Barbara Horton


1st October 2015

Barbara Horton, FIALD, MIES, LC, oversees five HLB Lighting Design offices around the US. She is president of the International Association of Lighting Designers, is a member of the Illuminating Engineering Society, serves on the Board of Directors of the Nuckolls Fund for Lighting Education, has served as a judge in the Next Generation Luminaires competition sponsored by the Department of Energy SSL Steering Committee, and is an affiliate member of the American Society of Landscape Architects. What’s Horton’s biggest challenge? “Time!” she answered emphatically.

In her role as president and chief executive officer of HLB Lighting Design, Horton combines a visionary perspective of the firm’s growth with a pragmatic approach to every design. Now, as president of the International Association of Lighting Designers, she is intent on giving a strong voice to all the organisation’s geographical components, and to gaining support for credentialing for lighting designers worldwide.

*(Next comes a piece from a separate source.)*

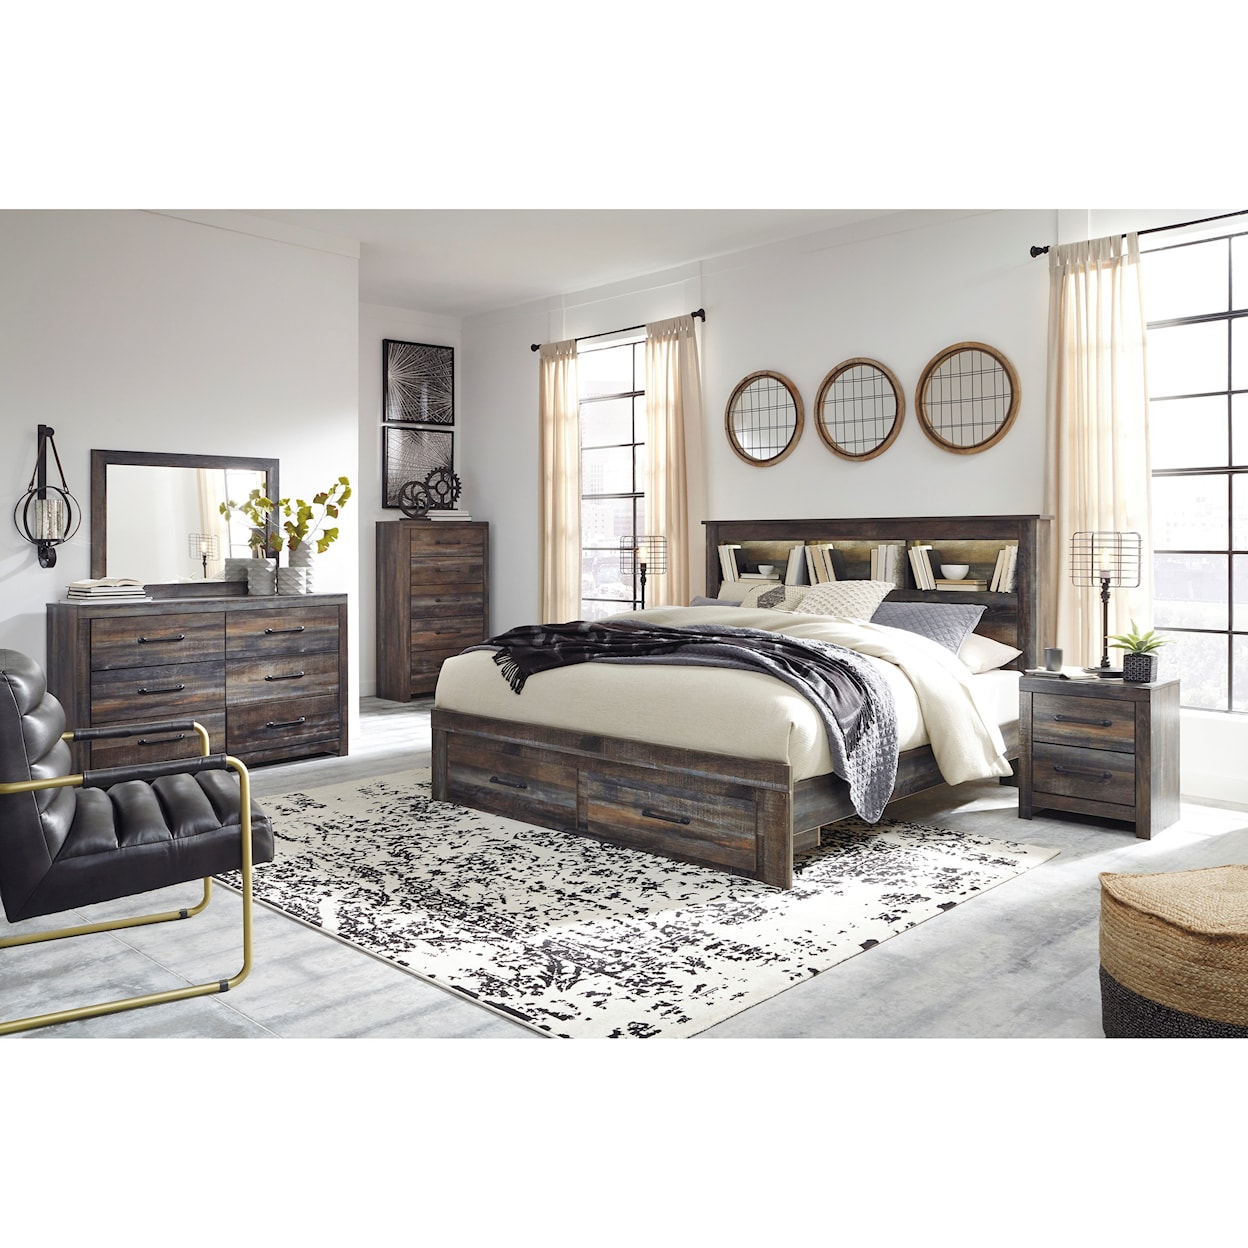 Signature Design by Ashley Drystan King Bedroom Group

Horton, a native New Yorker, earned a degree in interior design at the Fashion Institute of Technology. She took on a temporary three-week assignment in the office of Jules Horton. “It stretched into three months, then three years, and now it’s been over 30 years,” she affirmed. Horton has maintained the high-energy profile that characterised the office that she initiated, and has focused on encouraging a firm-wide entrepreneurial spirit as a major factor in the firm’s growth.

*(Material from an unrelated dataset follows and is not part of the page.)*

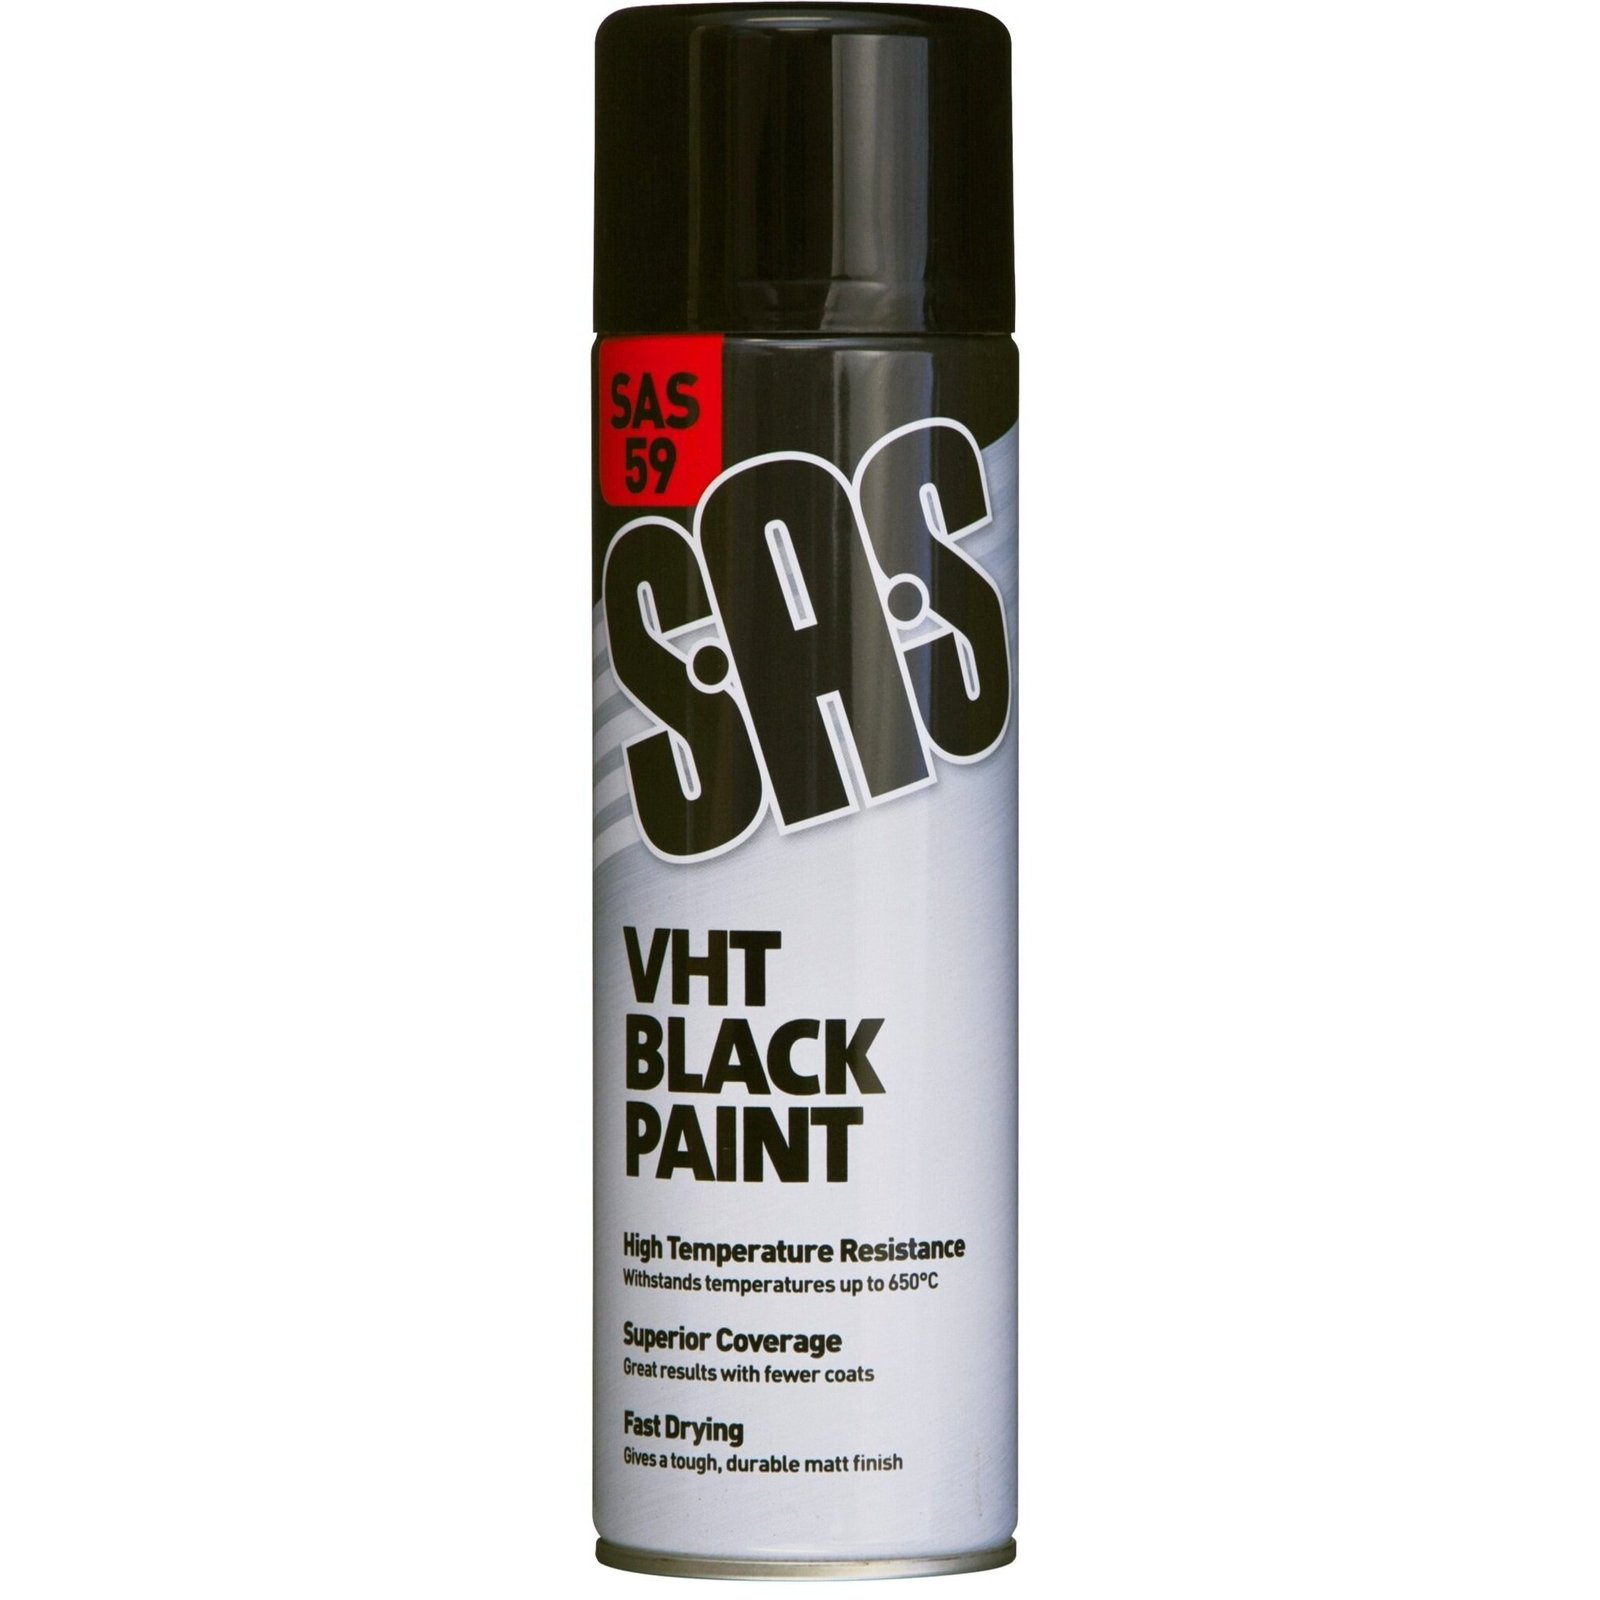 S.A.S Black VHT Paint – Very High Temperature 650°C – 500ml

With the opening this spring of the HLB office in Miami, the professional and support staff now numbers over 60, the largest independent multi-office lighting design consultancy in the US, with additional offices in New York, San Francisco, Los Angeles and Boston. Horton is a strong advocate of shared leadership. “If you want to describe our style, it is that collectively we are design and client-focused,” described Horton. “There are eight principals, they have strong input into go/no-go decisions in their offices for selecting work, design approach and managing their staff while working collaboratively among all offices,” she stated. Based in New York are Stephen W. Lees, Hayden N. McKay, and Lee E. Brandt; with E. Teal Brogden and Tina Aghassian in Los Angeles; Angela L. McDonald in the San Francisco office; and Carrie Hawley in Boston. Horton is leading the Miami office while based out of New York. The firm will invest marketing and promotional efforts in introducing the HLB Miami office to professional designers in the southeast market along with other markets in which it sees strong opportunities.

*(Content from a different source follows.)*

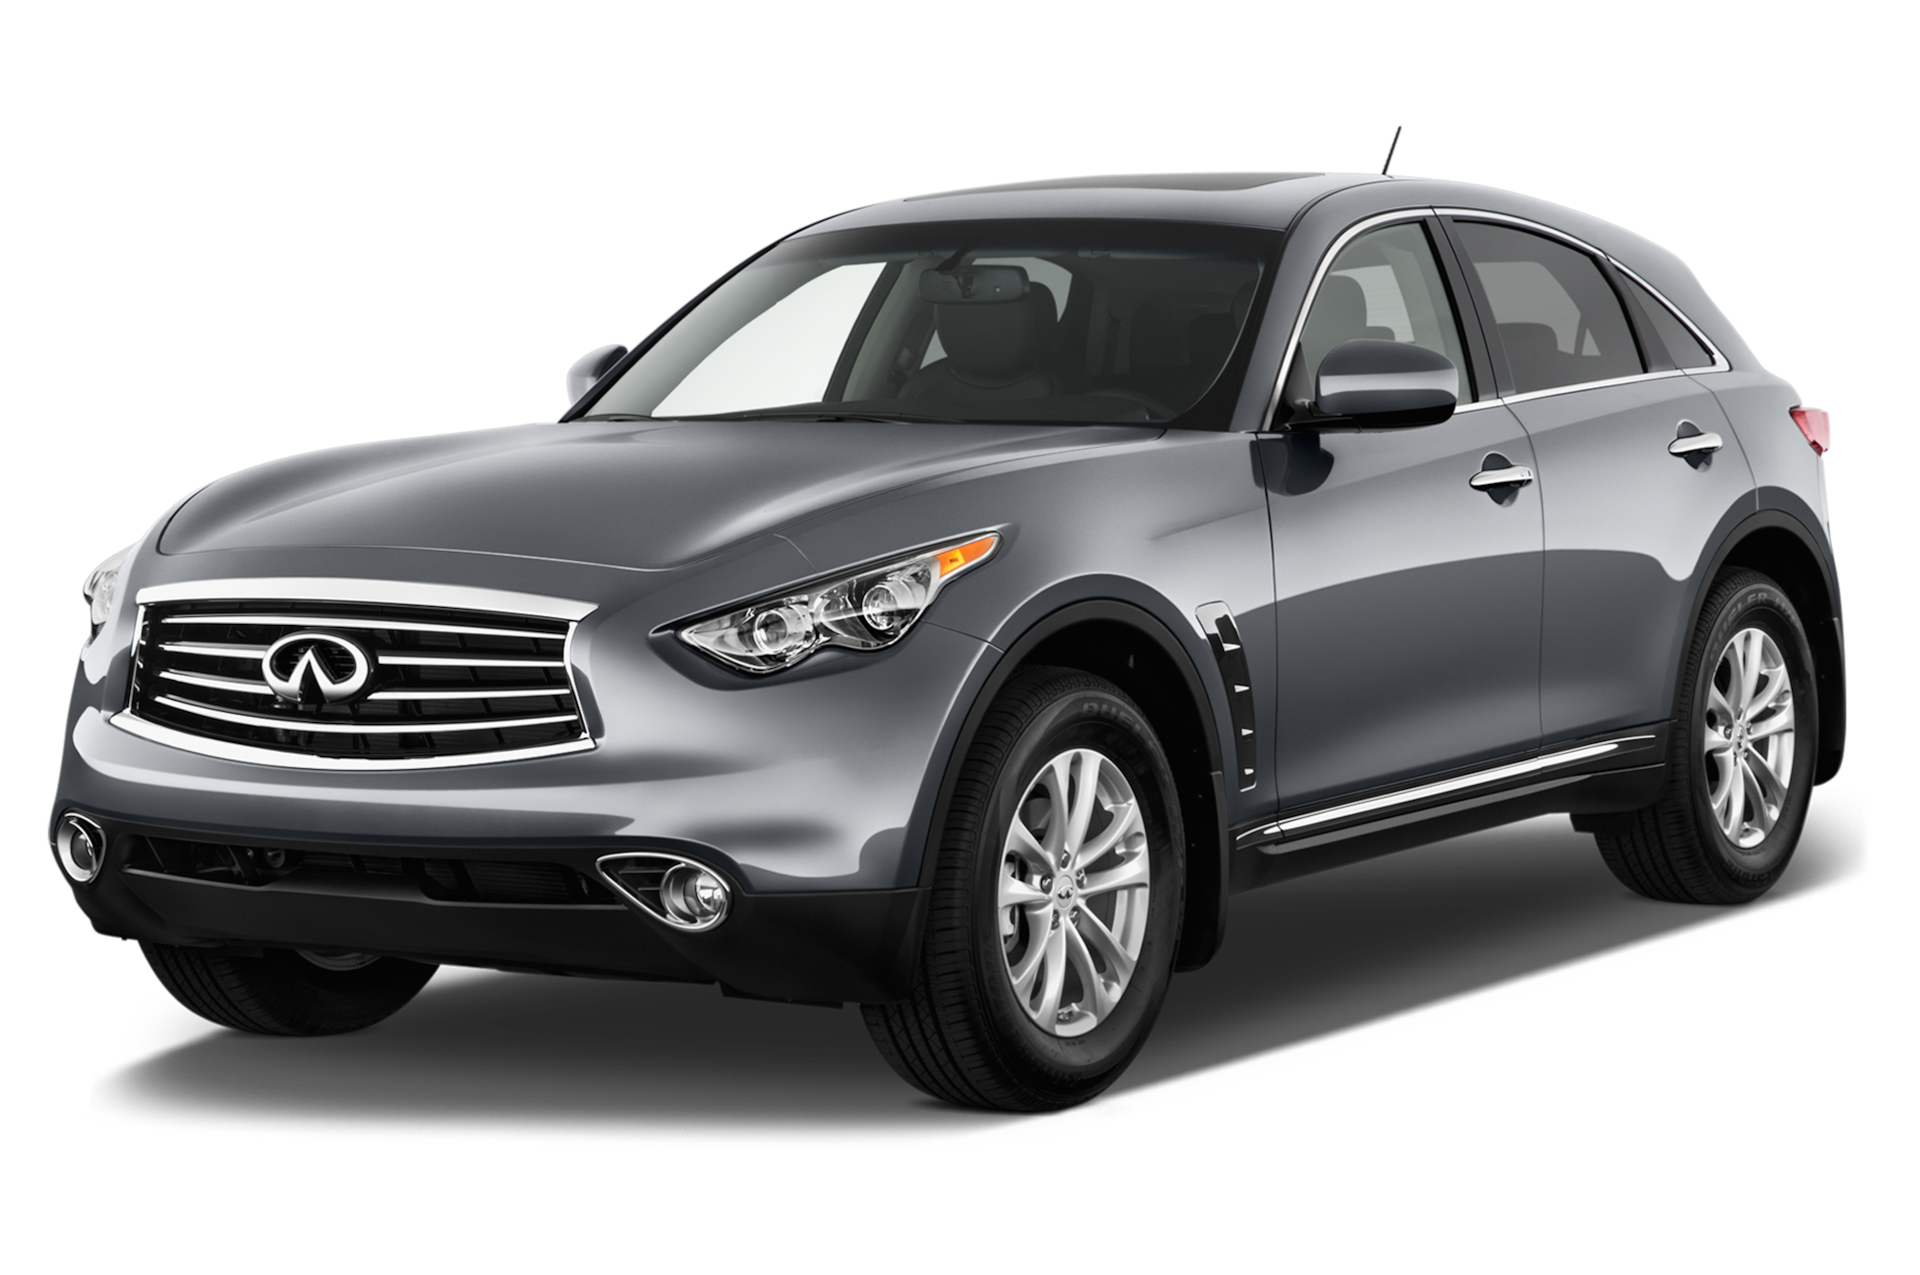 2012 Infiniti FX35 Prices, Reviews, and Photos - MotorTrend

“Our principals are looking ten years into the future with continued opportunities for growth. To support this objective, the firm has built a strong support infrastructure, employing a human resources specialist and a national multi-media marketing and communications manager. A succession plan is in place along with a detailed ownership transition guide. Adherence to high design standards and operational decision-making are on a near-equal par on any business day,” Horton estimated.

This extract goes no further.